THE DATA.
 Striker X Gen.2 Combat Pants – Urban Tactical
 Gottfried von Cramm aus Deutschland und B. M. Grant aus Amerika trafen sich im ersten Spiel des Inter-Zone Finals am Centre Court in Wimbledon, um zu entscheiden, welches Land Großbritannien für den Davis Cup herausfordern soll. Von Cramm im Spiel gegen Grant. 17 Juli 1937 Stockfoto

* * *

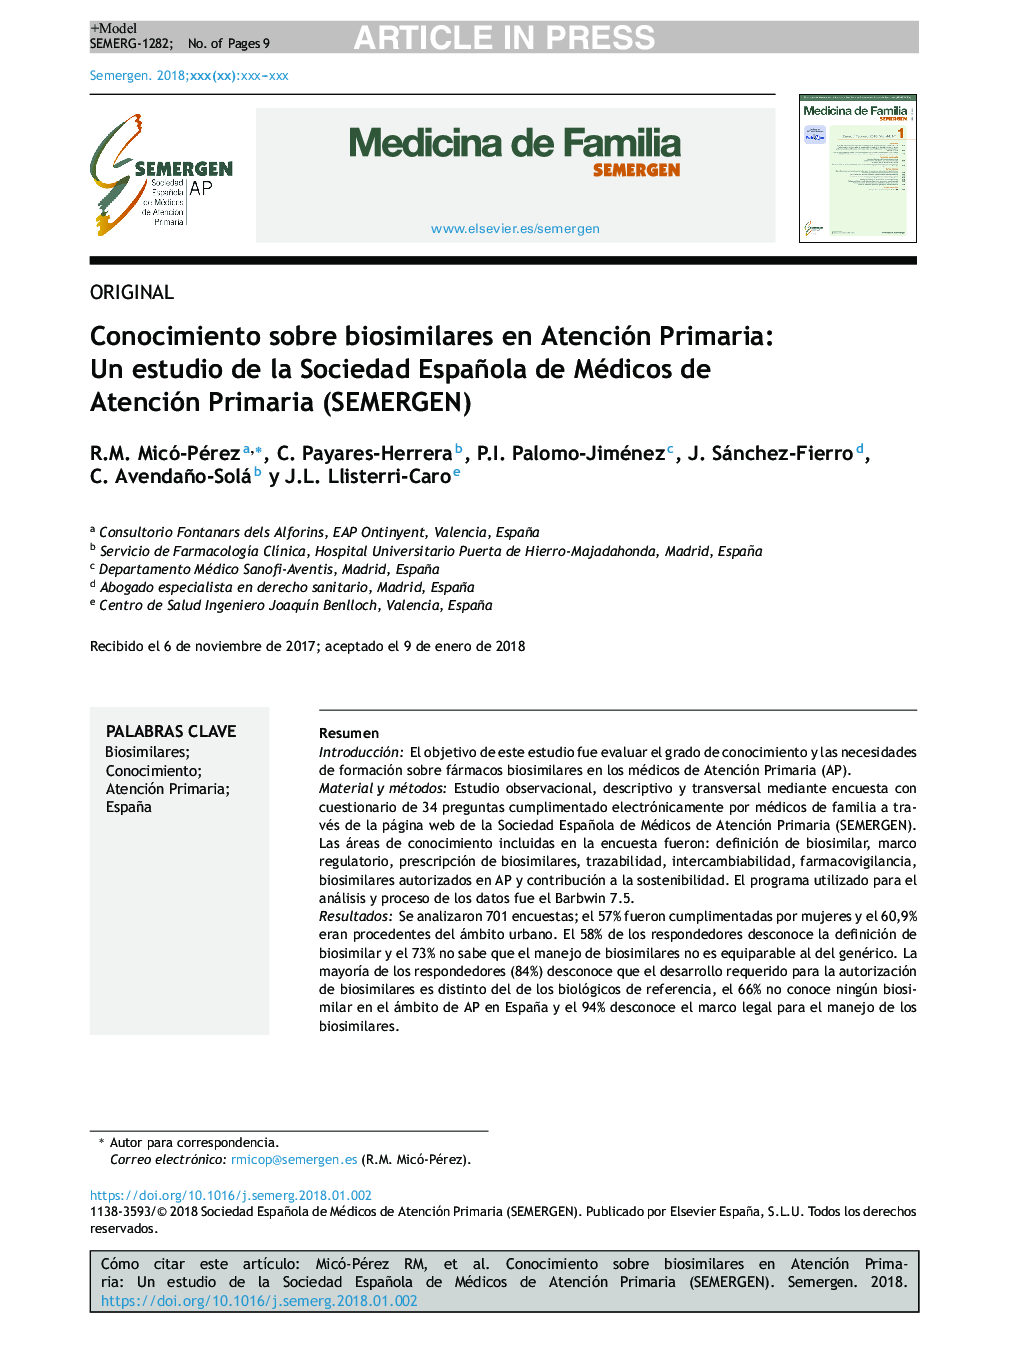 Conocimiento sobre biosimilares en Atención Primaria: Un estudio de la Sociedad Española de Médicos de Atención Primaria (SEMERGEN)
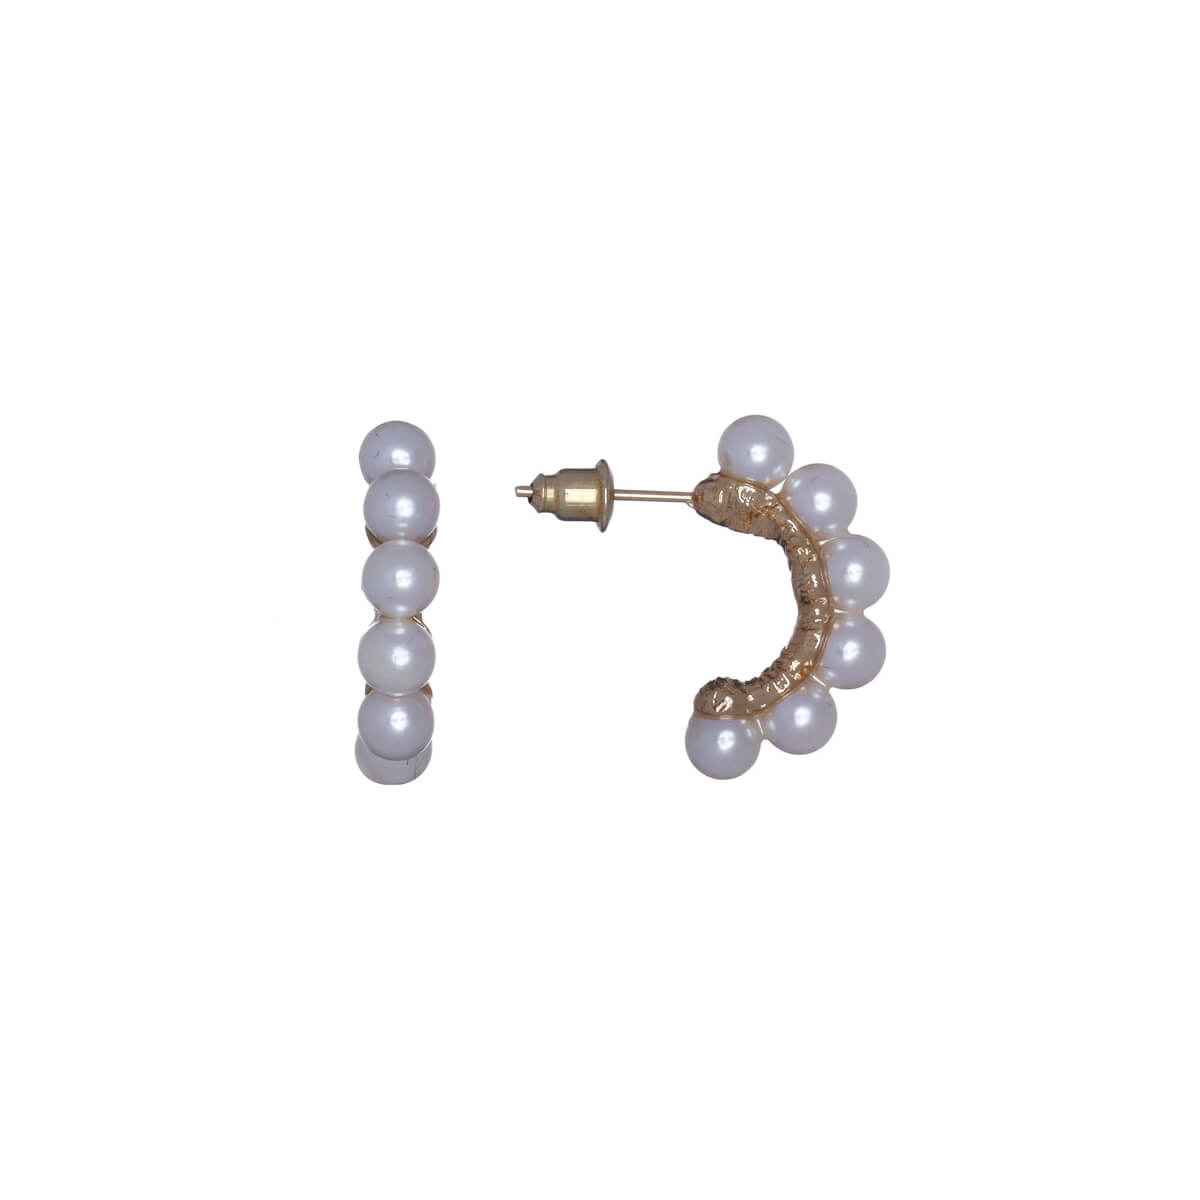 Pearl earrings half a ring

TO DO. Reproduce the lines above, beginning at the line with "Striker X Gen.2" and stopping after the line with "Gottfried von Cramm", exactly as they are.

EXERCISE RESPONSE.
 Striker X Gen.2 Combat Pants – Urban Tactical
 Gottfried von Cramm aus Deutschland und B. M. Grant aus Amerika trafen sich im ersten Spiel des Inter-Zone Finals am Centre Court in Wimbledon, um zu entscheiden, welches Land Großbritannien für den Davis Cup herausfordern soll. Von Cramm im Spiel gegen Grant. 17 Juli 1937 Stockfoto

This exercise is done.